War, indeed, has its own logic.
* * *
Whatever the vicissitudes of war in this latest round of insanity in the Middle East, the saddest fact is that the ones most affected on both sides of the border—the Israelis who constantly take cover from Hezbollah missiles, and the Lebanese left to fear an Israeli air strike—are civilians. It is overwhelmingly kids and noncombatants who so far have paid the price. Some may bristle at the equation of the destruction by a self-described terrorist group such as Hezbollah with the destruction wreaked by the sovereign state of Israel. But is there room for the kind of pragmatism that understands that every missile lobbed into northern Israel and every new dead or maimed Israeli civilian assures that this war will go on and that Israeli enmity toward the Arab world will deepen? Isn’t it clear that every Israeli strike in Lebanon that produces more innocent death and the destruction of infrastructure is seeding the next generation of hatred and the next mob shouting, “Death to Israel!”

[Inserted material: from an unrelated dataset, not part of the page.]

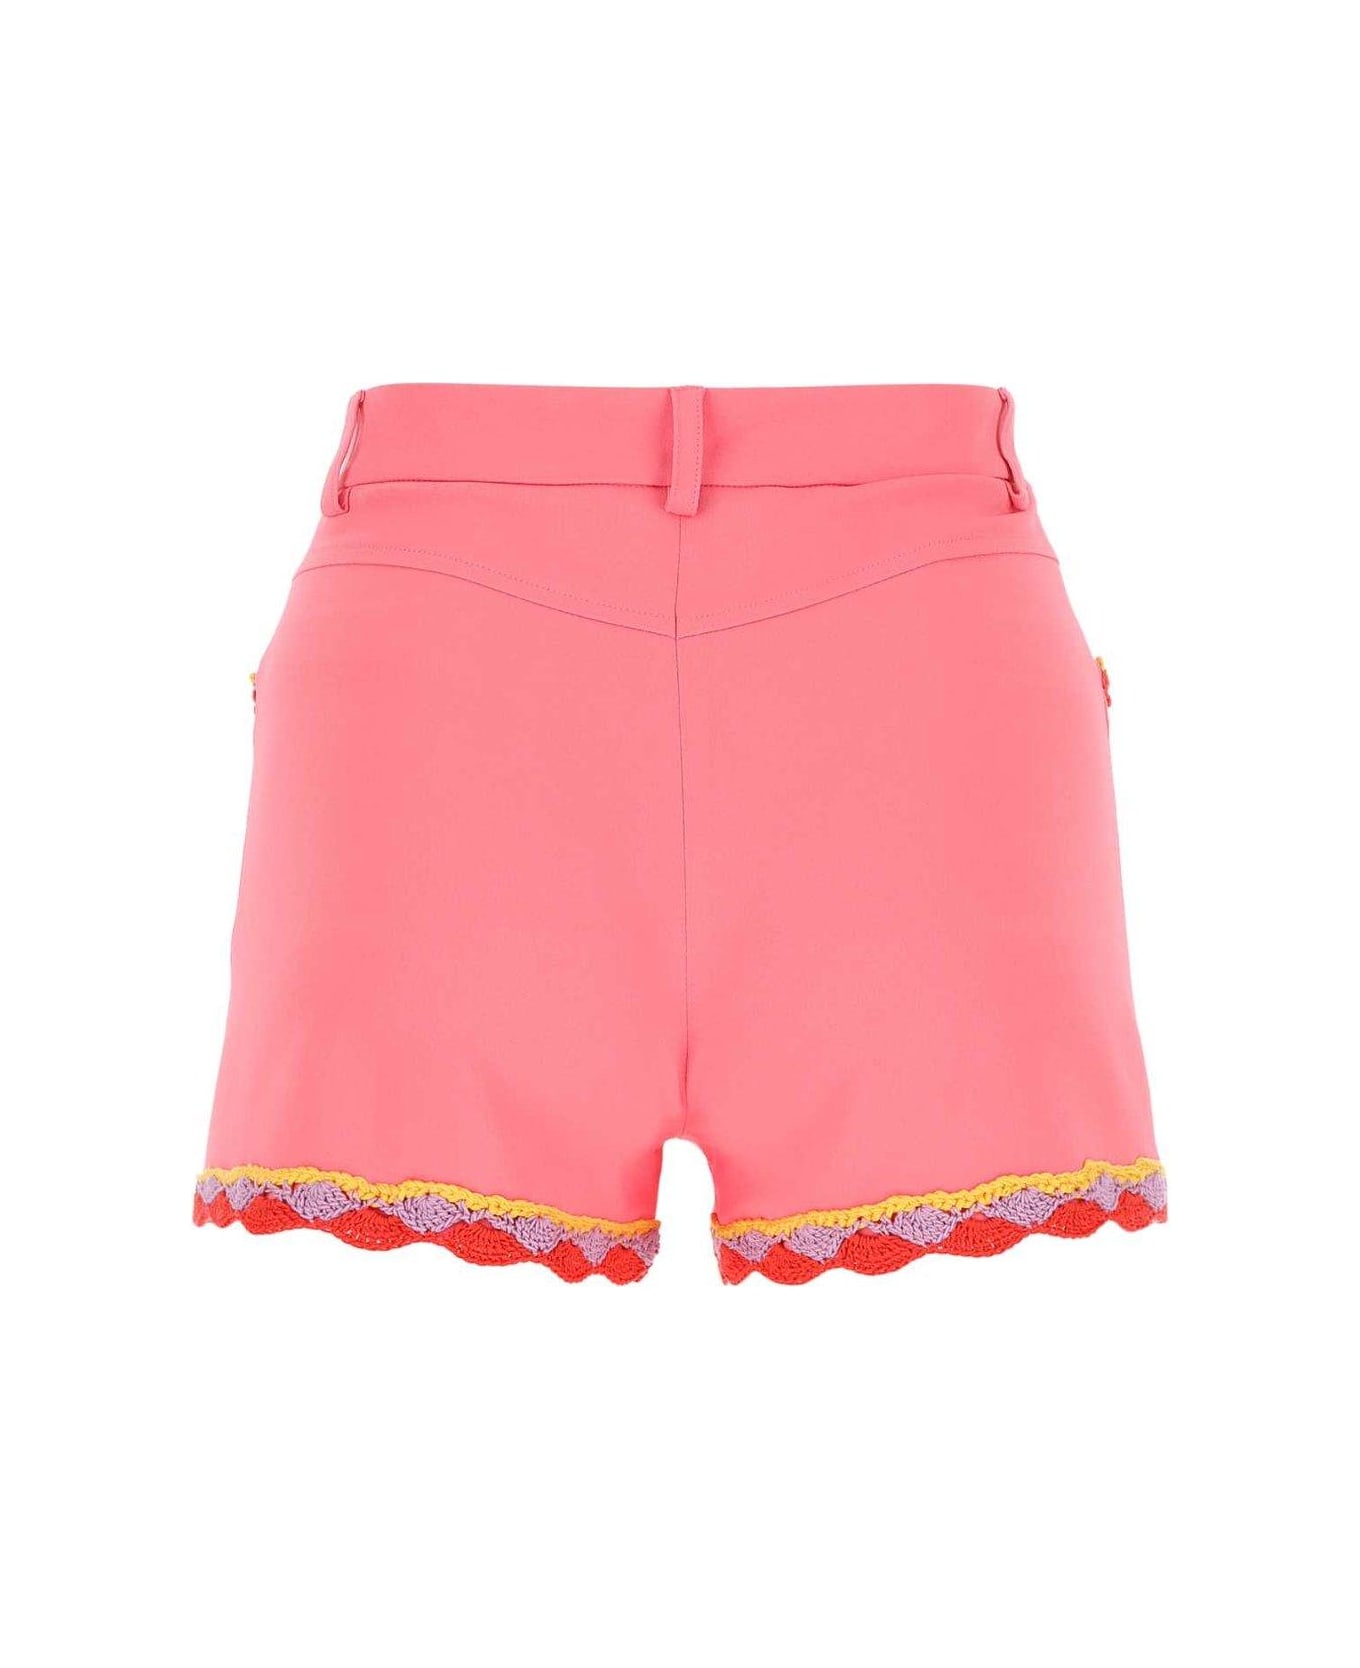 Moschino High-waist Lace-trim Buttoned Shorts - PINK

It is a grand display of a seemingly endless exercise in what Walter Wink, the Protestant theologian, calls “the myth of redemptive violence.”
* * *
We appear to be engaging the myth to an extreme degree in Iraq. Remember when the talk was of redemption? How, with our bombs and military might, we would save the Iraqi people, get the oil flowing again and set the country on the way to becoming a beacon of democracy in the Middle East? What is at work now, in the chaos and relentless violence, in the abandoned construction projects, the unfinished schools and hospitals, the tangle of corruption and misspent money, is more than ineptitude and bad planning. It is what happens when the myth of redemptive violence shows itself for what it really is. And that is why the moral authority is draining out of our words as fast as blood from another victim of suicide bombings. That is why it is hideously ironic when the United States attempts to take the moral high ground and seeks “restraint” or places a demand before “our partners” to work out a plan for a lasting cease-fire.
The myth of redemptive violence, writes Wink in The Powers That Be: Theology for a New Millennium, “speaks for God; it does not listen for God to speak. It invokes the sovereignty of God as its own; it does not entertain the prophetic possibility of radical judgment by God. It misappropriates the language, symbols and scriptures of Christianity. It does not seek God in order to change; it embraces God in order to prevent change. Its God is not the impartial ruler of all nations but a tribal god worshiped as an idol. Its metaphor is not the journey but the fortress; its symbol is not the cross but the crosshairs of a gun. Its offer is not forgiveness but victory. … It is blasphemous. It is idolatrous.
“And it is immensely popular.”
It is difficult to be the shining city on the hill when so much of our effort and treasury and youth is mired in blood-soaked sand.